Statements 2 and 4 must also be wrong, although for a different reason. Although it seems intuitive to speak about “the probability that the null hypothesis is true or false”, this statement, at least as given here, makes little sense. Normally, the probability of an event is roughly the fraction of times that event occurs when some experiment is repeated many times. But in order to speak of the “probability that the null hypothesis is true”, the experiment to be repeated would somehow have to switch between the null hypothesis being true one time and false another. But surely, either there is a difference between the two drugs or there is not, so we can’t imagine a universe where there is a difference one time and no difference another time. Posed like this, the question “what is the probability that the null hypothesis is true” makes no sense!

(For my Bayesian friends out there: I realise that this is a frequentist argument. But p-values are frequentist instruments, so that is not unfair.)

So we’re stuck with statement number 5. If I’m supposed to be making the wrong decision, it must mean that the null hypothesis is true (otherwise rejecting the null hypothesis is not wrong), and I’m rejecting it because my p-value is lower than some threshold. In this case I know exactly the probability that I’ll be making the wrong decision: it’s p. This is precisely what the p-value means, it’s just a restatement of the definition.

My conclusion therefore: statement 5 is true and all others are false.

So imagine my dismay when the solution to the quiz read:

I hope you’ve concluded that every statement is false. The first five statements ignore the base rate, while the last question is asking about the power of the experiment, not its p-value.

So according to the author, I had statement 5 mistakenly marked as correct. Why was that? Just today, as I was rereading that passage, I suddenly understood that I had probably misunderstood the statement!

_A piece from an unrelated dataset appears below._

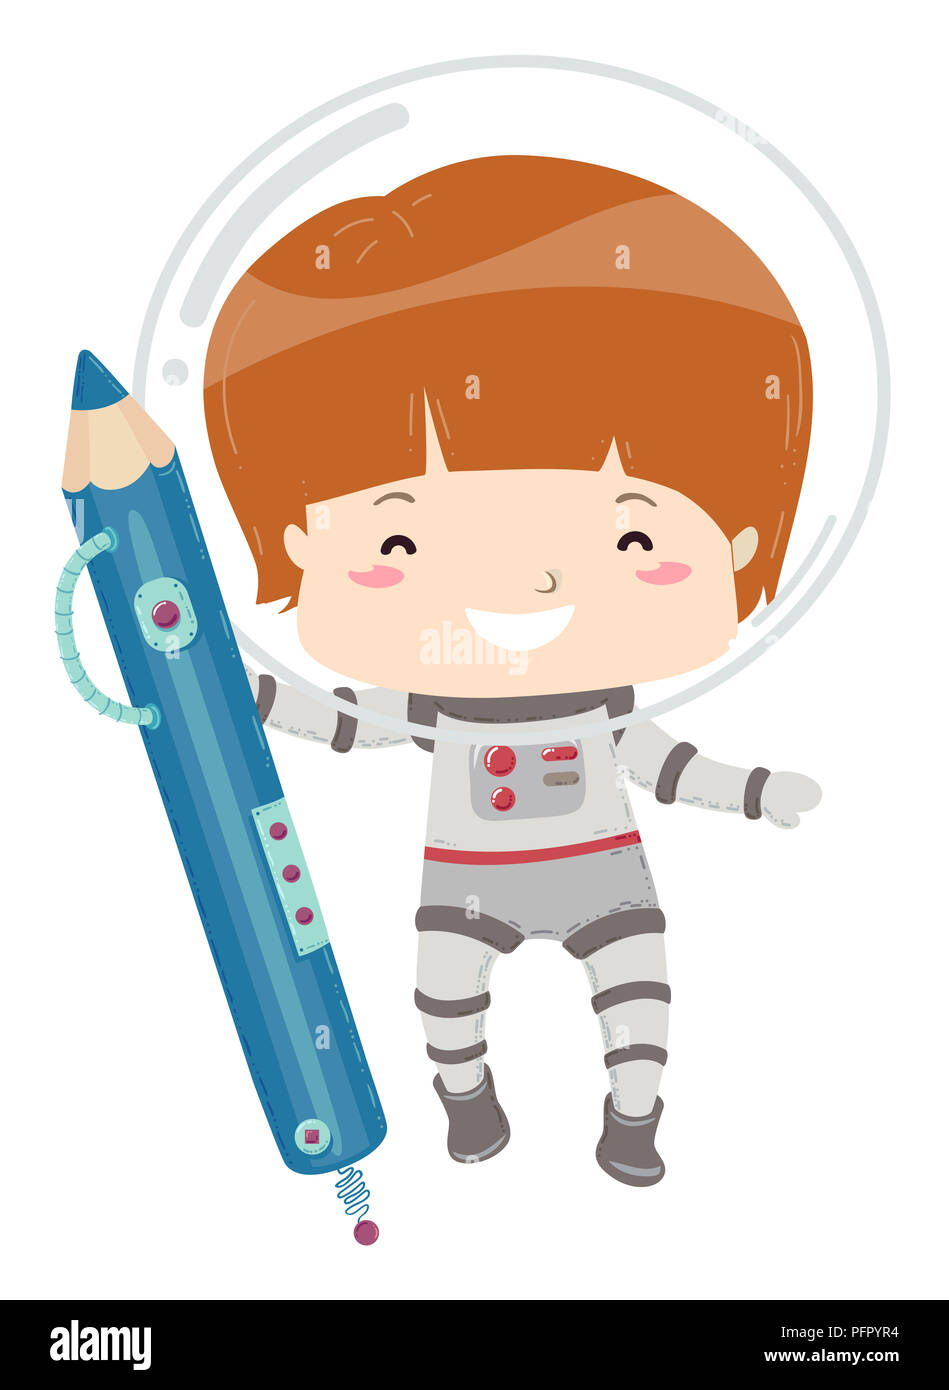 Ilustración de un niño chico en traje de astronauta sosteniendo un lápiz  futurista azul Fotografía de stock - Alamy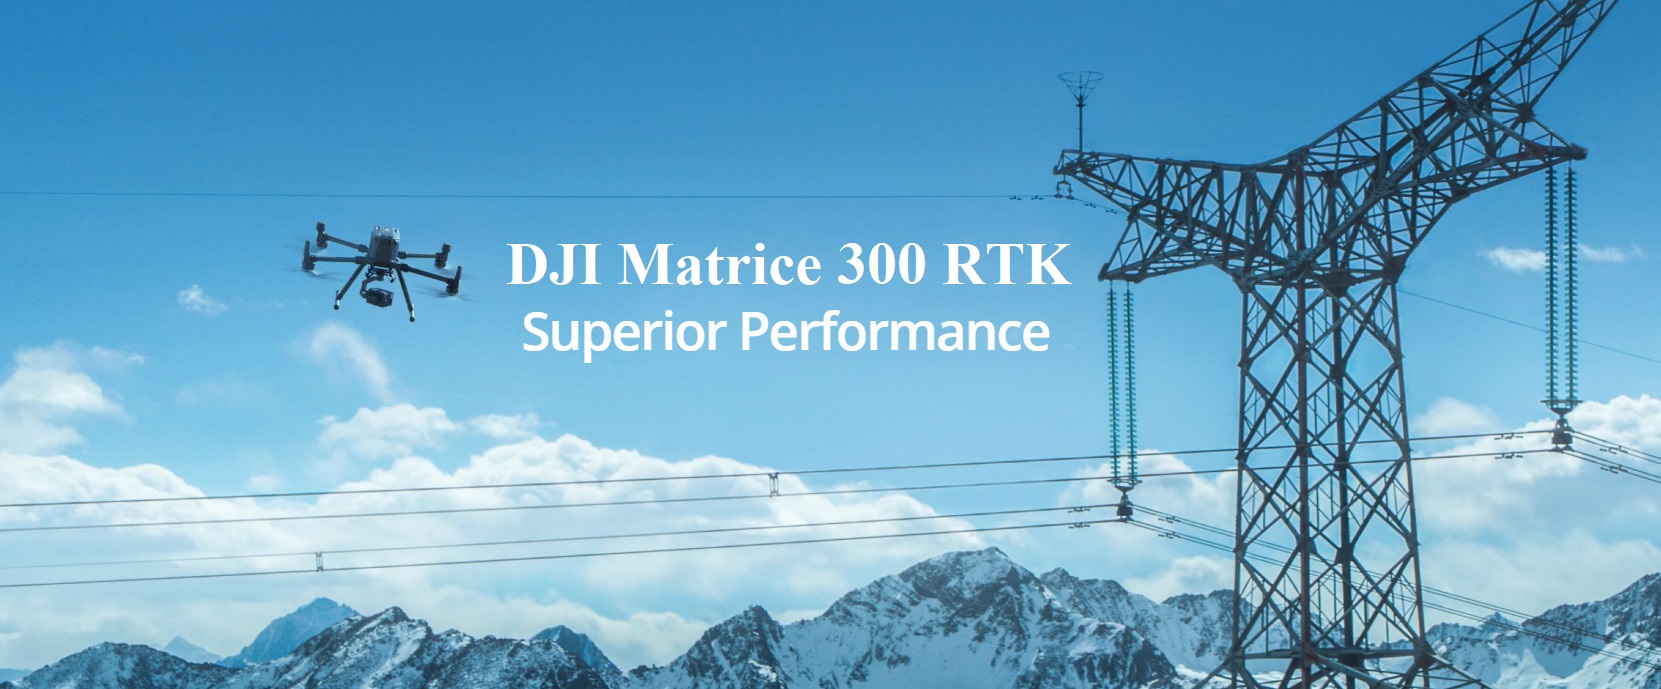 DJI-Matrice-300-RTK-2

I thought that the statement meant “if you make an experiment and the null hypothesis is true, do you know the probability that the p-value will be as low as it was observed, or lower?” In this case, the answer really is p. But the question could also be formulated differently: “if you make an experiment and you don’t know whether the null hypothesis is true or not, do you know the probability that the p-value will be as low as it was observed, or lower?“.

In this case, the answer is no. If the null hypothesis is in fact false, the probability of making a mistake in rejecting it is zero. If the null hypothesis is in fact true, the probability of making a mistake in rejecting it is p. We don’t know whether the null hypothesis is true or not and since the two probabilities are different, we don’t know the correct probability.

We could say “the probability of wrongly rejecting the null hypothesis is at most p”, but, alas, that was not the question.